Von Christian Schacherreiter, 18. Jänner 2021, 00:04 Uhr
Gabriele Kögl
Gabriele Kögl Bild: Feuersänger

"Gipskind": Gabriele Kögl schreibt über das Aufwachsen in einem steirischen Dorf.

Kindheit und Jugend in der Provinz der Fünfziger- und Sechzigerjahre – Seltenheitswert hat dieses Sujet in der österreichischen Literatur nicht. Von Elfriede Jelinek bis Josef Winkler reicht die Autorenliste für heimatkritische Bücher, in die sich jetzt auch Gabriele Kögl mit "Gipskind" eingeschrieben hat.

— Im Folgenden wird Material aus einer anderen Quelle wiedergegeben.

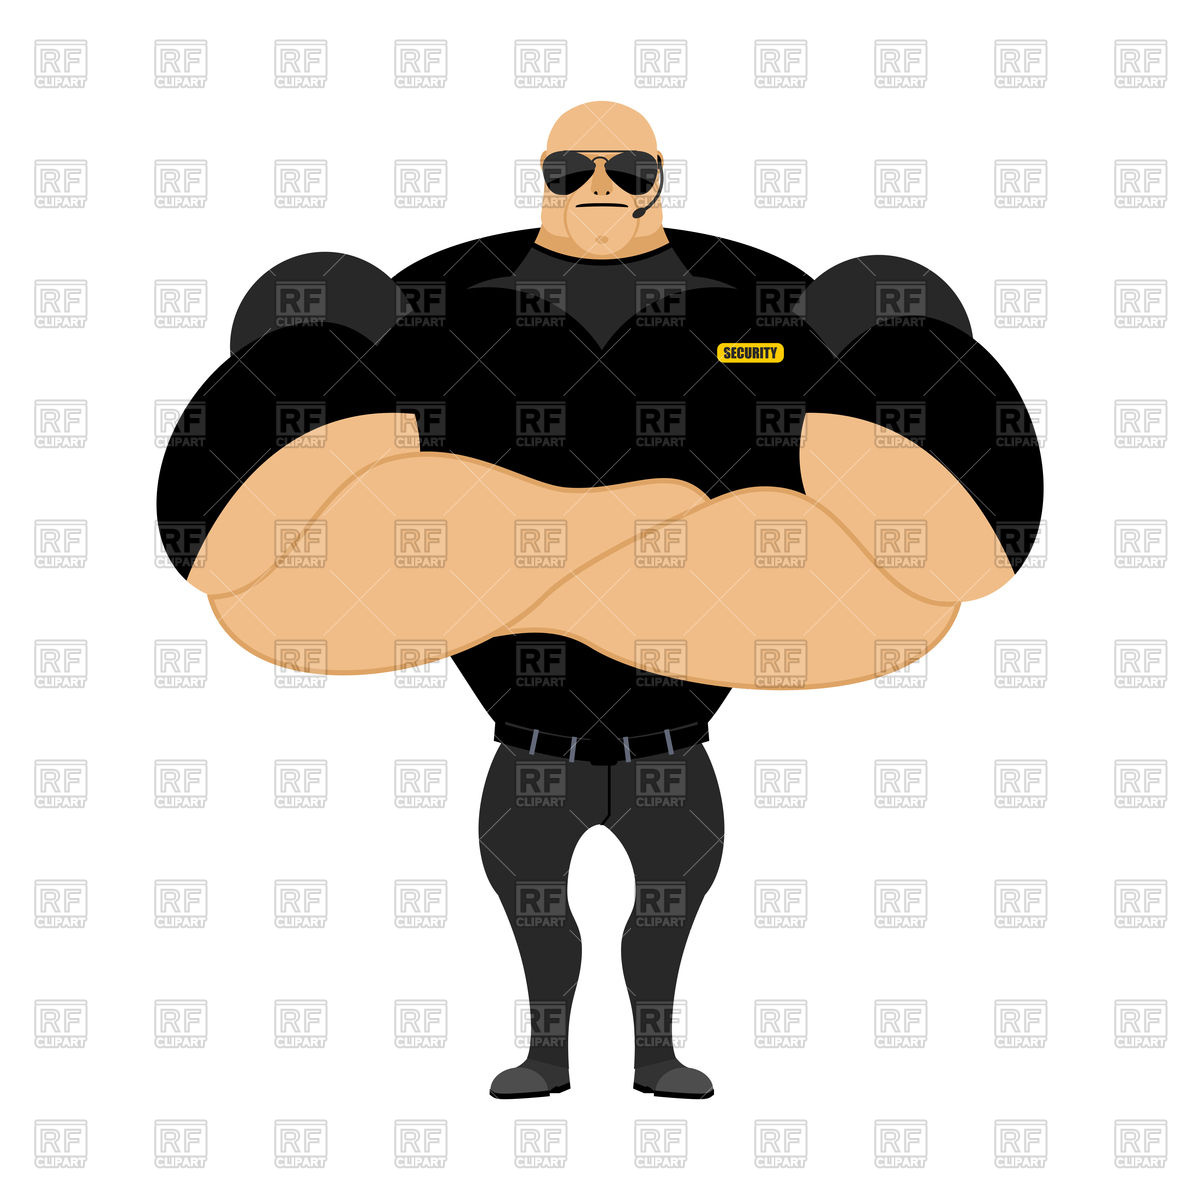 Family Guy Clipart at GetDrawings.com.

Der Titel verweist auf ein traumatisches Kindheitserlebnis der Hauptfigur. Wegen einer nicht erkannten Luxation wird dem Mädchen ein längerer Krankenhausaufenthalt ohne Bezugspersonen zugemutet und es muss eine Gipshose tragen. Die Hauptfigur Andrea wächst, so wie die Autorin selbst, in einem weststeirischen Dorf auf. Andreas Umfeld agiert, sieht man von der warmherzigen Großmutter ab, im charakterlichen Planquadrat von Dummheit, Bosheit, Gewalt und Sprachverrohung. Der Umgang mit Sexualität ist teils zotig, teils verklemmt, teils brutal. Nun sollen die sozialen Defizite des bäuerlichen Lebens in den Nachkriegsjahrzehnten keineswegs beschönigt werden. Dennoch ist Kögls Figurenzeichnung bisweilen von holzschnittartiger Finsternis. Aber Andrea, immer "die Kleine" genannt, leistet großen Widerstand. Sie gehört schon zur Pippi-Langstrumpf-Generation, die durch Dr. Sommer ("Bravo") aufgeklärt wird und Konstantin Weckers pathetische Befreit-euch-Appelle aufsaugt.

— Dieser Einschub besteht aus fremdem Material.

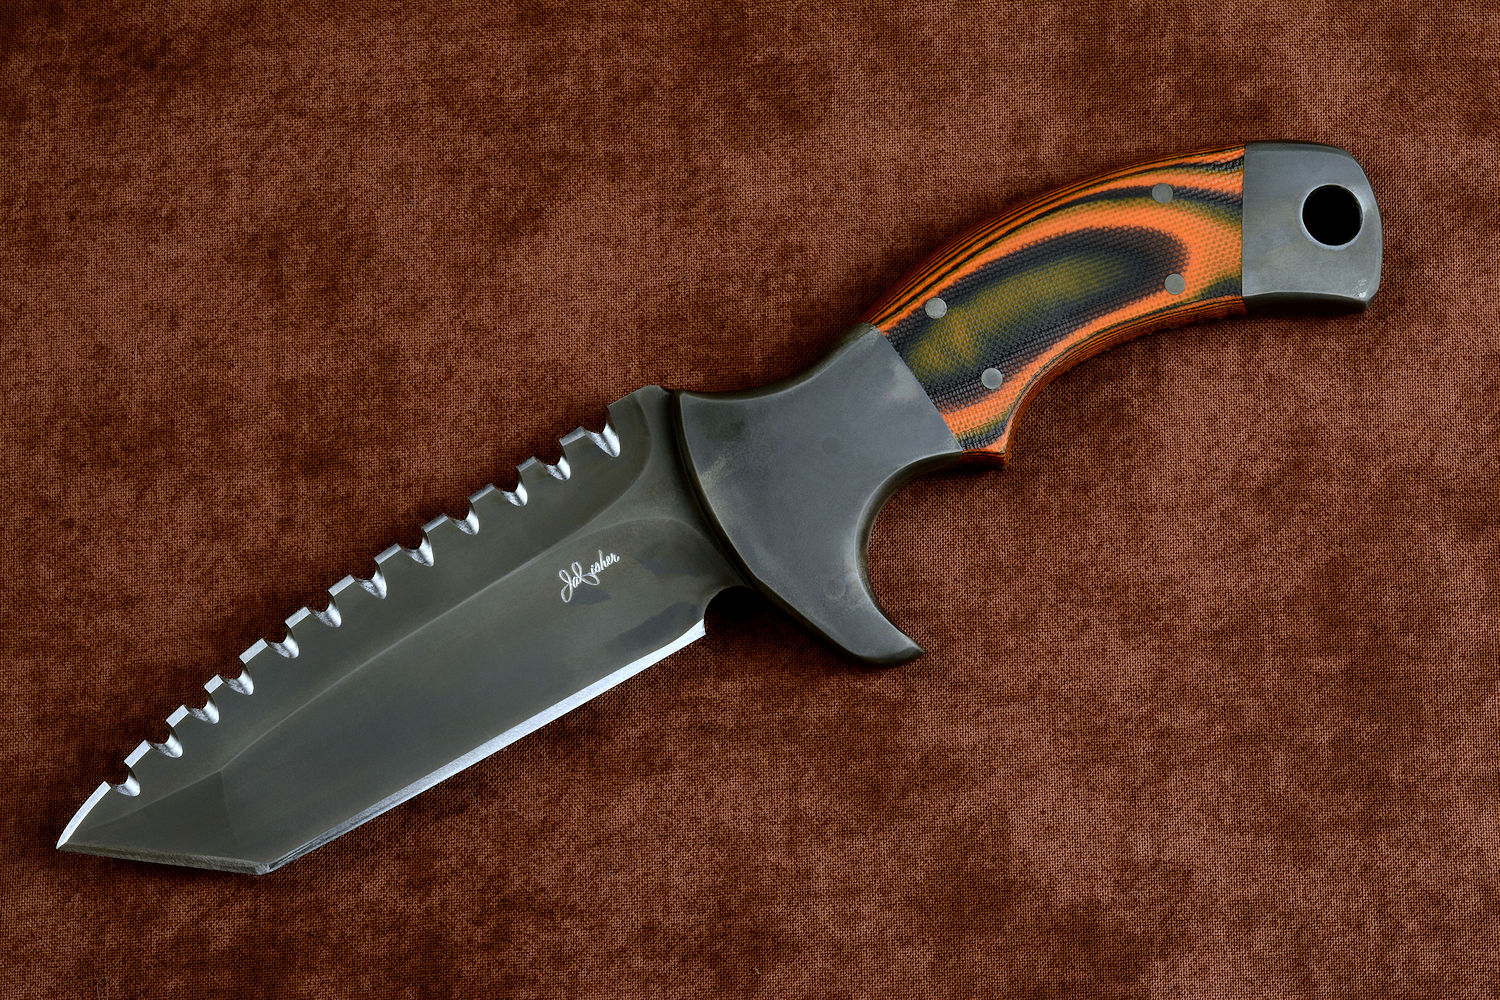 "Krag" tactical, counterterrorism, crossver knife, obverse side view in ATS-34 high molybdenum martensitic stainless steel blade, 304 stainless steel bolsters, multicolored tortoiseshell  G10 fiberglass/epoxy composite handle, hybrid tension tab-locking sheath in kydex, anodized aluminum, black oxide stainless steel and anodized titanium

"Gipskind" ist ein Adoleszenzroman, in dem weibliche Sozialisation an den üblichen Erfahrungselementen veranschaulicht wird: das Elternhaus, der erste Kuss und die Enttäuschung darüber, dass er nicht direkt in den Liebeshimmel führt, unreife Mitschüler, seltsame Lehrer, dann die erste dauerhafte Liebesbeziehung. Im Fall von Andrea heißt sie Arthur, Sohn einer Akademikerfamilie. Gut gelingt Gabriele Kögl die soziale Kontrastierung Stadtbürgertum - bäuerliches Leben. Etwas ermüdend wirkt der Detailrealismus: Die Mutter "begann bereits um neun Uhr damit, die Suppe aufzustellen (…). Dann ging sie in den Garten, um Gemüse und Salat zu holen, und putzte eine Stunde daran herum. Dann ging die eigentliche Kocherei los…" Ja, mag sein, aber so genau müssen wir das und manches andere gar nicht wissen, es wirkt bisweilen auch stilistisch ungeschickt.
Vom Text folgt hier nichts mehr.